15 March 2017

Why everyone is miffed at a golf course in South Korea

Hamsini Hariharan

Why everyone is miffed at a golf course in South Korea

The acquisition of land for THAAD deployments in South Korea could polarise the whole of East Asia

The acquisition of a golf course for an anti-mssile system in South Korea is the beginning of nuclear tensions in East Asia. 

It used to be a golf course. Now it will be a missile base. The South Korean group LOTTE agreed to turn their land over to Korean defence to station US’ terminal High Altitude Area Defence (THAAD), an anti-missile system. The purpose? South Korea agreed to allow the US to deploy THAAD as a deterrent against North Korea’s fifth (and most powerful till date) nuclear test in in 2016.

This is significant because South Korea is an ally of the US and has fallen under the US nuclear umbrella since the 1950s. However, in 1991, the US removed its tactical nuclear weapons from the country. Deploying anti-missile system signifies a resurgence of tensions in Asia. After the land swap agreement, countries around the world sunk the news in as US and South Korea conducted their annual military drills. North Korea, predictably did not take the news well:

The North will “mercilessly foil the nuclear war racket of the aggressors with its treasured nuclear sword,” said an unidentified spokesman for the General Staff of the Korean People’s Army.

Impact on the region

China has expressed displeasure with the developments of THAAD by suspending LOTTE Group’s construction project in China, cracking down on Korean popstars and cosmetic imports from Korea. Chinese experts arguethat THAAD is futile because North Korean missiles flew at an altitude of 20km while THAAD’s range lies between 40 and 150km.
However, THAAD is not merely a deterrent- its proximity to China means its radar will also be able to track some Chinese (and possibly Russian) missiles- a legitimate enough reason for both countries to be upset. Russia also mistrusts US intentions for deploying THAAD in South Korea as evidenced by the statement of the Russian ambassador to Seoul:

“We regard this as further efforts by Washington to create a new regional segment of the United States’ global missile defense in Northeast Asia near the Russian border,” he said. “This is a direct threat to the security of our country, because the main aim of the US global missile defense is to minimize the effectiveness of Russia’s missile potential.”

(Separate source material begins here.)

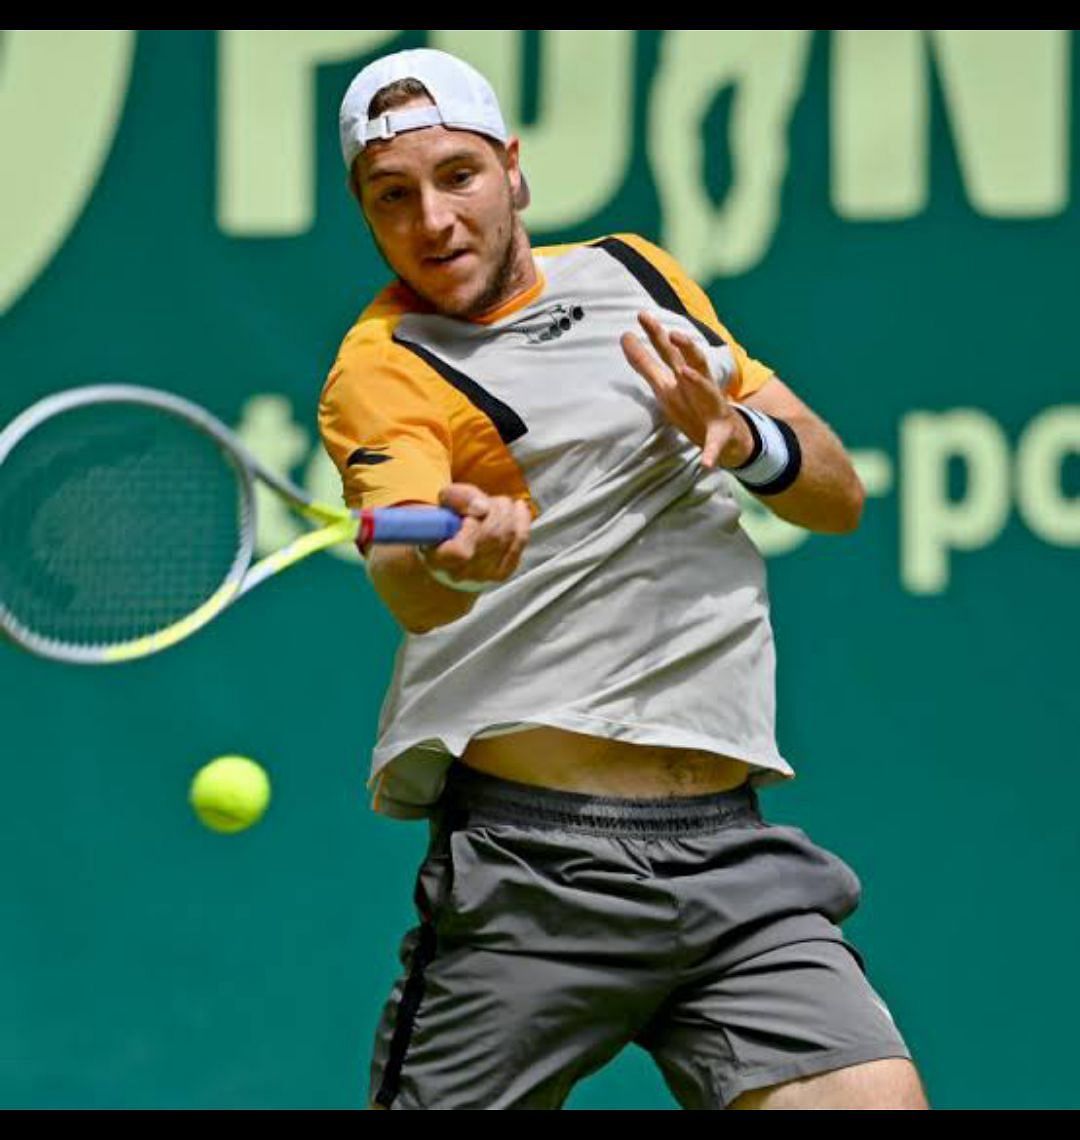 Struff dismantled Zhang in the first round of Stuttgart Open

An important regional player to keep an eye on is Japan. Japan which has also been under the US nuclear umbrella, has over the last few years been looking at ways of providing its own defence if its friends fail to measure up. The first step was the amendment of its Constitution which allowed for the formation of the Japanese Self Defence Force. Japan is also considering deployment of the THAAD missiles to deter threats from North Korea. It even constituted a committee to the same effect.

Another important point to remember is that the THAAD missiles have already been deployed in the Asia-Pacific; in Guam where it has beenstationed since 2013 and has been permanently deployed there since 2016.

The land swap is important at a time when Asian allies of the US have to deal with the new political developments in the United States. Trump, during the first Presidential debate, had labelled Japan and South Korea as free riders of American defence.

Remember Star Wars? It was the nickname of the US’ anti missile system in the 1980s.

Way Forward

The THAAD is supposed to be deployed by June 2017 but the land swap has shown that the THAAD is still in its infancy and there are many issues with it. Protests have erupted in South Korea with some residents in the area even suing the defence ministry. The impeachment trial of Park Gen-heuye has also led to questions about the necessity of the anti-missile system, which the opposition parties were against.

With respect to larger geopolitics, China’s relations with North Korea and South Korea over the next few months will be important to watch. The Deployment of THAAD could not only amplify the nuclear tensions in the Korean peninsula but in East Asia as a whole. In the absence of trust or any country beginning multilateral talks, the entire region could be polarised on the issue. And it would have all begun with a golf course.